▸ Task to complete
Taking the listing below, restate word for word each line from the line with "Ungkarl Danmark Føde" to the line with "Danskin Now Black", ends included, and stop there.

□ □ □ □ □ □ □

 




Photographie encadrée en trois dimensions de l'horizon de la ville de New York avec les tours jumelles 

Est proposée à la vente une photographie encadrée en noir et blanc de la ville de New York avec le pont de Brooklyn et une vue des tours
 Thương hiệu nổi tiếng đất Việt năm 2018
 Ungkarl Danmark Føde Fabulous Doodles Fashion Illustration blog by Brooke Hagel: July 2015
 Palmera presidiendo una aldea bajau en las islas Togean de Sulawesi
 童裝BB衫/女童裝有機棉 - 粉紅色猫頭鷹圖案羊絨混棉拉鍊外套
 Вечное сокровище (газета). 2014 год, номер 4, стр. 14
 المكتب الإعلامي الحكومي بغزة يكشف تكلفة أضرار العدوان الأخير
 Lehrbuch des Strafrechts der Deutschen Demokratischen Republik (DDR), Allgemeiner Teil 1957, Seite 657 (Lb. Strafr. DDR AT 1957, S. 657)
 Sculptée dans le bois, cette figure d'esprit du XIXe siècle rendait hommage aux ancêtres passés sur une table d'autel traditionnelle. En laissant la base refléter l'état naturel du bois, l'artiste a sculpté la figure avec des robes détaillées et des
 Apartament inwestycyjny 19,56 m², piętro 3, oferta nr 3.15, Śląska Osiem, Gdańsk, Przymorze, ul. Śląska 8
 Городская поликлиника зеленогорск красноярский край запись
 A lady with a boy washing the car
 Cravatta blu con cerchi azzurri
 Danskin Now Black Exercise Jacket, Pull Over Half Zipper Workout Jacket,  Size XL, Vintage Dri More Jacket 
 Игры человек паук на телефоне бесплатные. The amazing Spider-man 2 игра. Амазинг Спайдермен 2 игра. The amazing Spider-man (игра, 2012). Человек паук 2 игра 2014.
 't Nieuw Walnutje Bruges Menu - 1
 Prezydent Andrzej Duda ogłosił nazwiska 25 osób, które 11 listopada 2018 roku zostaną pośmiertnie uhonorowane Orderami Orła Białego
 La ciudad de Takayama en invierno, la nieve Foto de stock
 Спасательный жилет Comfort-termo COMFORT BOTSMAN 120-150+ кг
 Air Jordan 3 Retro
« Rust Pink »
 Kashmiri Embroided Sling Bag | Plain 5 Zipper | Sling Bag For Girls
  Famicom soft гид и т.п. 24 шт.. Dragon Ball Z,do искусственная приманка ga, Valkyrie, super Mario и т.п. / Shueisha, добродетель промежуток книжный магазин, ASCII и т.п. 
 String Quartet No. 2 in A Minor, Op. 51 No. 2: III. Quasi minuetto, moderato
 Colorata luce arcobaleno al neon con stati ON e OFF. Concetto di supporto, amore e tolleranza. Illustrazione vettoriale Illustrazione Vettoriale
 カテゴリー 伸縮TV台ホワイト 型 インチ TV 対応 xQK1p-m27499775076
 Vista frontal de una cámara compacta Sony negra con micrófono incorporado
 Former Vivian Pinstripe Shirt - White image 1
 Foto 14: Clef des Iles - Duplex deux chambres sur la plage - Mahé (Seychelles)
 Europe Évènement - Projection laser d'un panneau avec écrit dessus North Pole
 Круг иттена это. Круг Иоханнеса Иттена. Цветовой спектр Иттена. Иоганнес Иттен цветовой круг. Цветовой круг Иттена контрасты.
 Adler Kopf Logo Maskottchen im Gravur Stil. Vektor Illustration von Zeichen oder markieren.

□ □ □ □ □ □ □

▸ Solved problem
 Ungkarl Danmark Føde Fabulous Doodles Fashion Illustration blog by Brooke Hagel: July 2015
 Palmera presidiendo una aldea bajau en las islas Togean de Sulawesi
 童裝BB衫/女童裝有機棉 - 粉紅色猫頭鷹圖案羊絨混棉拉鍊外套
 Вечное сокровище (газета). 2014 год, номер 4, стр. 14
 المكتب الإعلامي الحكومي بغزة يكشف تكلفة أضرار العدوان الأخير
 Lehrbuch des Strafrechts der Deutschen Demokratischen Republik (DDR), Allgemeiner Teil 1957, Seite 657 (Lb. Strafr. DDR AT 1957, S. 657)
 Sculptée dans le bois, cette figure d'esprit du XIXe siècle rendait hommage aux ancêtres passés sur une table d'autel traditionnelle. En laissant la base refléter l'état naturel du bois, l'artiste a sculpté la figure avec des robes détaillées et des
 Apartament inwestycyjny 19,56 m², piętro 3, oferta nr 3.15, Śląska Osiem, Gdańsk, Przymorze, ul. Śląska 8
 Городская поликлиника зеленогорск красноярский край запись
 A lady with a boy washing the car
 Cravatta blu con cerchi azzurri
 Danskin Now Black Exercise Jacket, Pull Over Half Zipper Workout Jacket,  Size XL, Vintage Dri More Jacket 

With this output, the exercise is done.